De início, meu pai não conseguiu entender o grande
interesse de seu conhecido pelo Novo Testamento. “Hitler” ainda era
completamente desconhecido naquela época, e ele deixou o assunto de lado.
Exatamente um ano depois, os dois viajantes se
encontraram novamente. Ainda antes de ocuparem seus lugares à mesa, o amigo
puxou do bolso seu próprio Novo Testamento recém-adquirido. Todo feliz, falando
de seu amigo Hitler, ele mostrou o livro a meu pai. Este o pegou para folhear e
ver se a editora era a mesma do seu próprio Novo Testamento. Percebeu que os
livros eram idênticos, da mesma versão e da mesma editora.
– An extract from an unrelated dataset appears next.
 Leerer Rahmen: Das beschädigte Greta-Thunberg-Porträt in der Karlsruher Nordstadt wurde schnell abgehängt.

Percebeu que muitas
passagens estavam sublinhadas, permitindo que ele constatasse o que chamou a
atenção do leitor.
Para seu conhecido, havia sido muito importante
conseguir exatamente a mesma edição de meu pai e de Hitler. Como não conhecia a
Bíblia, ele precisava que os livros fossem exatamente iguais para conseguir
sublinhar e marcar as mesmas passagens que Hitler havia destacado em seu Novo
Testamento. Ele se guiara pela numeração das páginas e pela localização visual
dos versículos para ter seu próprio exemplar bem igual ao de Hitler.
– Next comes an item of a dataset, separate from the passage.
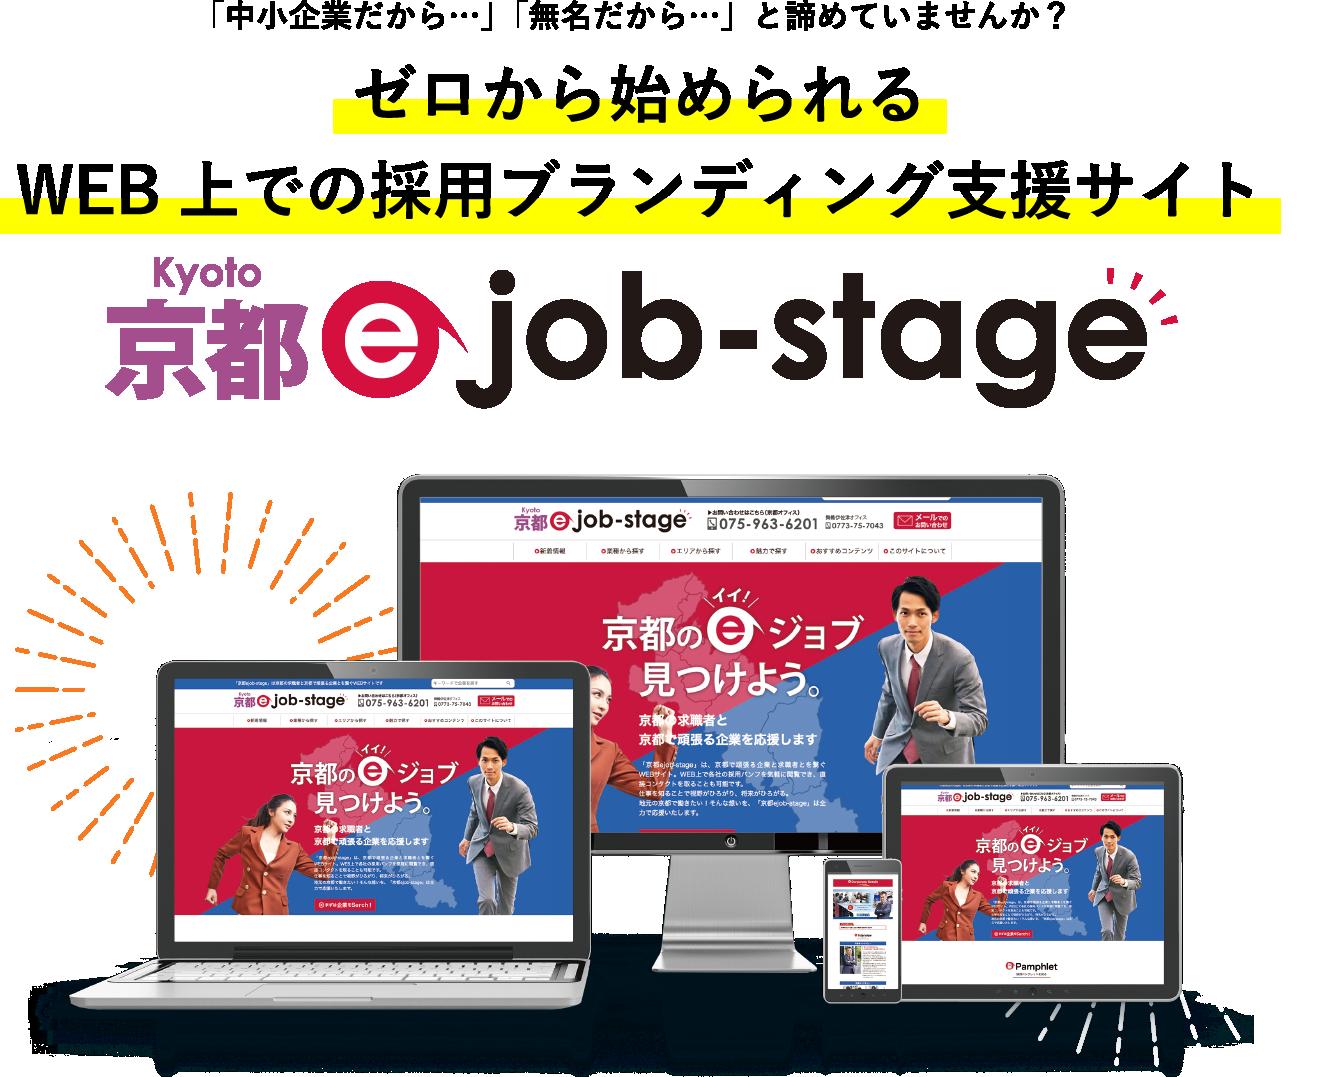 ゼロから始められるWEB上での採用ブランディング支援サイト京都ejob-stage

As marcações de Hitler, que esse conhecido do meu
pai admirava tanto, revelavam quais passagens o futuro Führer considerava
importantes. Meu pai percebeu que Hitler deveria ser uma dessas pessoas
extremamente contrárias aos judeus, um membro da classe política que estava
começando a dar o que falar. Os textos sublinhados eram todos aqueles que diziam
que os judeus ou seus líderes devem ser castigados de alguma forma (por
exemplo, Mt 3.7; Mt 23.15-36; Lc 11.39-44), que apontavam o mal que se escondia
sob a hipocrisia religiosa (por exemplo, Lc 11.46) ou profetizavam juízo e
condenação (por exemplo, Mt 3.10; Mt 7.15-19). Esse Hitler era claramente um
homem que odiava os judeus e procurava ver seu ódio apoiado e confirmado pela
Bíblia.
Esse episódio aconteceu muito antes de 1933, ainda
antes do tempo em que o nome de Hitler começasse a surgir para brilhar no
firmamento da política alemã. O amigo de meu pai faleceu no ano seguinte, de
forma que eles não se reencontraram na próxima feira de Leipzig. Não houve
continuação desse contato indireto, quando meu pai teve um vislumbre do que se
passava na cabeça e no coração de Adolf Hitler. O que ele viu no Novo
Testamento sublinhado, de forma exatamente igual ao Novo Testamento em que
Hitler se baseava, bastou para que meu pai adquirisse convicções que marcariam
seu futuro, mesmo que naquela época ele nem imaginasse o que realmente estava
por vir através desse homem.
Quando Hitler foi se tornando cada vez mais
conhecido e poderoso, meu pai se lembrou daquilo que havia acontecido muitos
anos atrás. Ele se recordou do que Hitler sublinhara em seu Novo Testamento. Por
isso, desde o início meu pai não caiu na sedução e no engano desse tão admirado
“homem forte” chamado Hitler, pois estava certo de que, se ele assumisse o
poder, seria o fim da Alemanha. Essa convicção poupou meu pai de muitos falsos
compromissos e, mais tarde, em meio a graves perdas familiares (três irmãos
meus morreram na guerra e todas as propriedades e negócios da família foram
destruídos), ele se manteve calmo e consolado, convencido de que acontecera o
que tinha que acontecer, porque há um Deus no céu que disse que aquele que
tocasse nos judeus estaria tocando na menina do Seu olho (veja Zc 2.8).